Султанмурат приостановился. Попытался разглядеть Аксайское урочище там, на западе, на степном скате предгорий Великого Манасового хребта. Но ничего не разглядел в той дали, называемой аксайской стороной. Только пространство и свет… Вот туда предстояло отправляться днями. Как-то там будет? Что ждет их в том краю? Тревожный холодок пробежал по спине…
Но день был чудесный. Аджимурат – тот совсем ошалел от радости, от вольного дня, оттого, что брат рядом и собака преданно бегает возле, что в целом мире они сами по себе, что едут добывать топливо домой. Сам же на ишаке. Голосок тонкий, песни поет разные, еще довоенные:
Бер команда, маршалдар(Дайте команду, маршалы),Калбай тегиз чыгабыз(Все как один выступим).Мин-миллион жоо келсе да(Пусть идет тысяча миллионов врагов),Баарын тегиз жагабыз(Всех до единого уничтожим).Эх, глупыш!

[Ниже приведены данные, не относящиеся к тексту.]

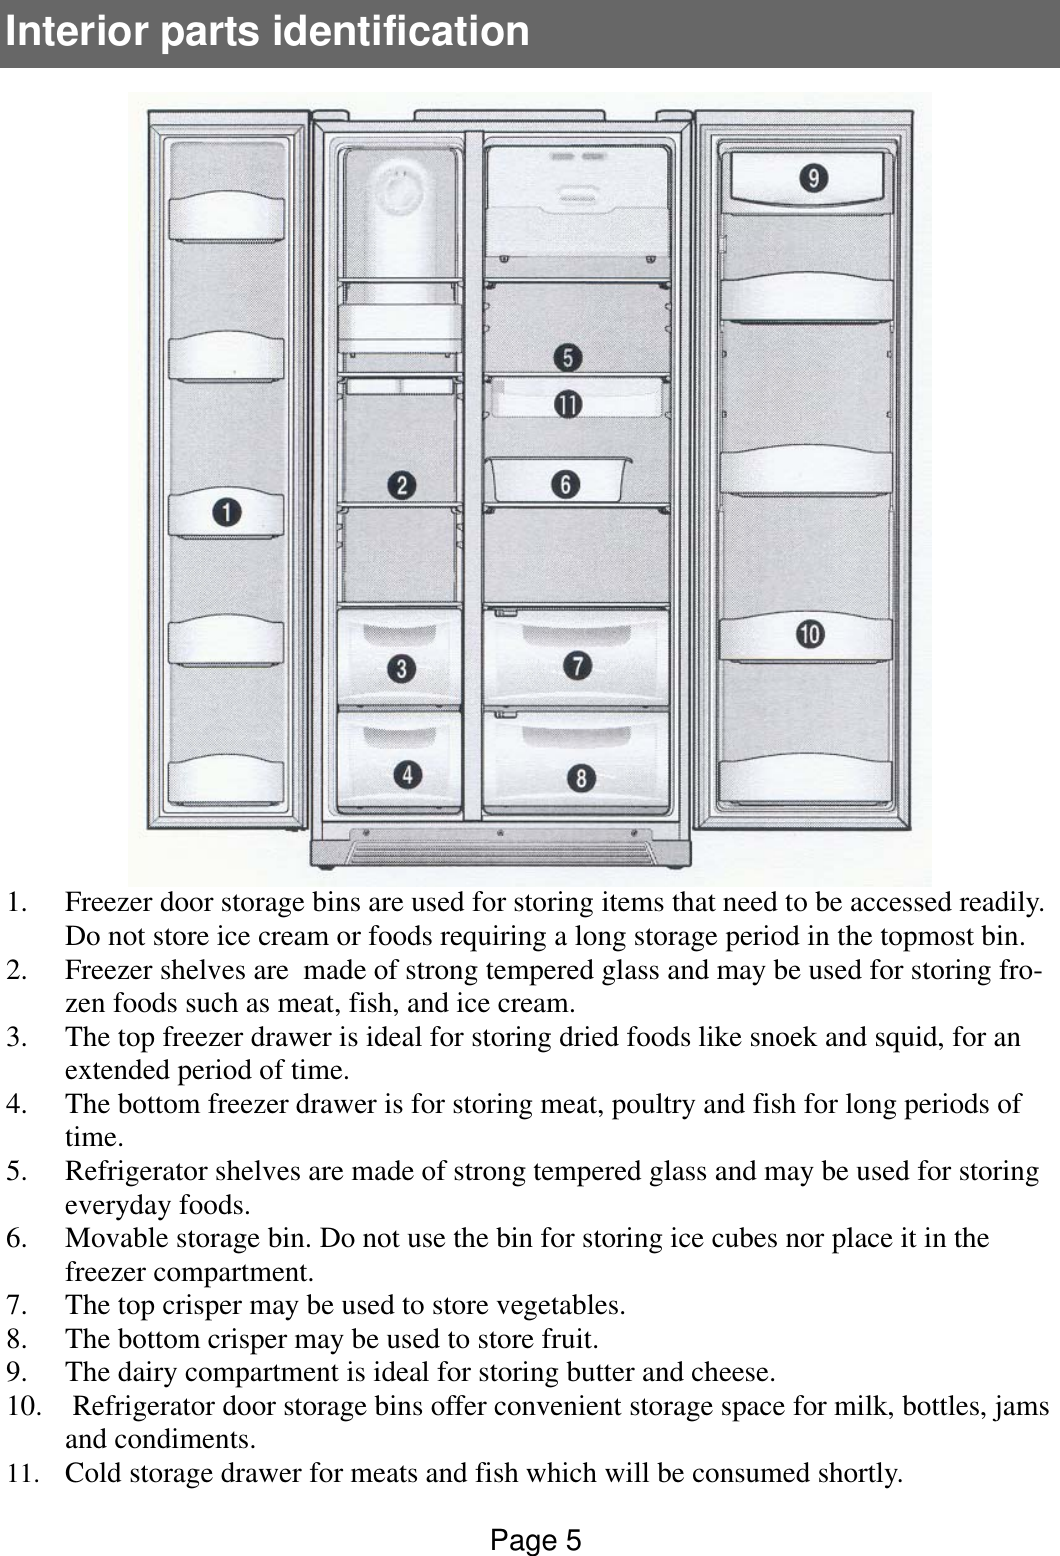 Page 5 of 12 - Defy Defy-Side-By-Side-Frost-Free-Refrigerator-Freezer-570-Users-Manual- 570 LITRE SIDE X DFF389 AND 390  Defy-side-by-side-frost-free-refrigerator-freezer-570-users-manual

Дитя несмышленое…
Но Аджимурату дела нет ни до чего. Он самозабвенно продолжал свое:
Бир-эки, да, бир-эки(Раз и два, раз и два),Катаранды тюздеп бас(Держи ровнее строй)…Султанмурат тоже повеселел. Смешно было смотреть на этого храбреца верхом на ишаке. А когда проезжали мимо прошлогоднего гумна, поутихли невольно. В этом укромном месте, среди полуразвалившихся скирд соломы уже повеяло весной. Тишина полевая. Как отмолотились в прошлом году, так все и утихло здесь. Пахло мокрой соломой, прелью и духом угасшего лета. Валялось в арыке поломанное колесо без обода. И пока сохранялся большой шалаш, крытый обмолоченными снопами. В нем отдыхали от зноя молотильщики. На припеке, посреди тока, где оставалось отвеянное охвостье, уже зазеленели густо проросшие стебельки опавших зерен.
Актош засновал, бегал взад-вперед, вынюхивая что-то по гумну, и вспугнул диких голубей. Они выпорхнули из-под нависающей кручи обледеневшей соломы. Здесь кормились всю зиму в затишке. Шумно, весело закружили они над полем, держась плотной стремительной стайкой. Актош беззлобно потявкал, побегал вслед и потрусил дальше. Аджимурат тоже покричал, попугал и быстро забыл о них. А Султанмурат долго следил за птицами, любовался их гибким полетом, переливающимся перламутровым блеском перьев на солнце и, заметив, как отделилась от стаи пара сизарей и полетела в сторону бок о бок, вспомнил молодого учителя по математике, ушедшего в армию:
Я сизый голубь, летящий в синем небе,А ты голубка, летящая крыло в крыло.Нет счастья большего на белом свете,Чем неразлучно вместе быть с любимой…Захмелел учитель у бозокера[13], когда его провожали, и, уезжая на бричке из аила, долго, пока было слышно, пел о том, что он сизый голубь, летящий в синем небе, а она – голубка, летящая крыло в крыло… Тогда смешной показалась Султанмурату эта песенка, и учитель грозный вдруг оказался таким смешным. А сейчас, провожая взглядом удаляющуюся пару диких голубей, замер, почувствовав озноб в теле. Пронзительно его ударила эта песенка учителя математики. И понял мальчишка, что то он сам, вон тот летящий в синем небе голубь, а то она, летящая с ним бок о бок, крыло в крыло, и дух захватило от желания быть немедленно рядом с ней, с Мырзагуль, чтобы лететь вот так, как эти голуби, выводящие над зимним полем широкий наклонный круг. Вспомнил о письме для нее и решил, что слова песни про голубей «Аккептер» тоже должны быть включены в письмо… Все дело теперь заключалось в том, как вручить ей письмо. Он понимал, что при ребятах она никогда не возьмет от него письма. Ведь даже на переменах избегала его. А теперь и в школу он не ходит. Домой к ней не пойдешь, семья строгая… Да и как, даже если прийти, что сказать, как объяснить? Почему, спрашивается, надо вручать письмо, живя в одном аиле?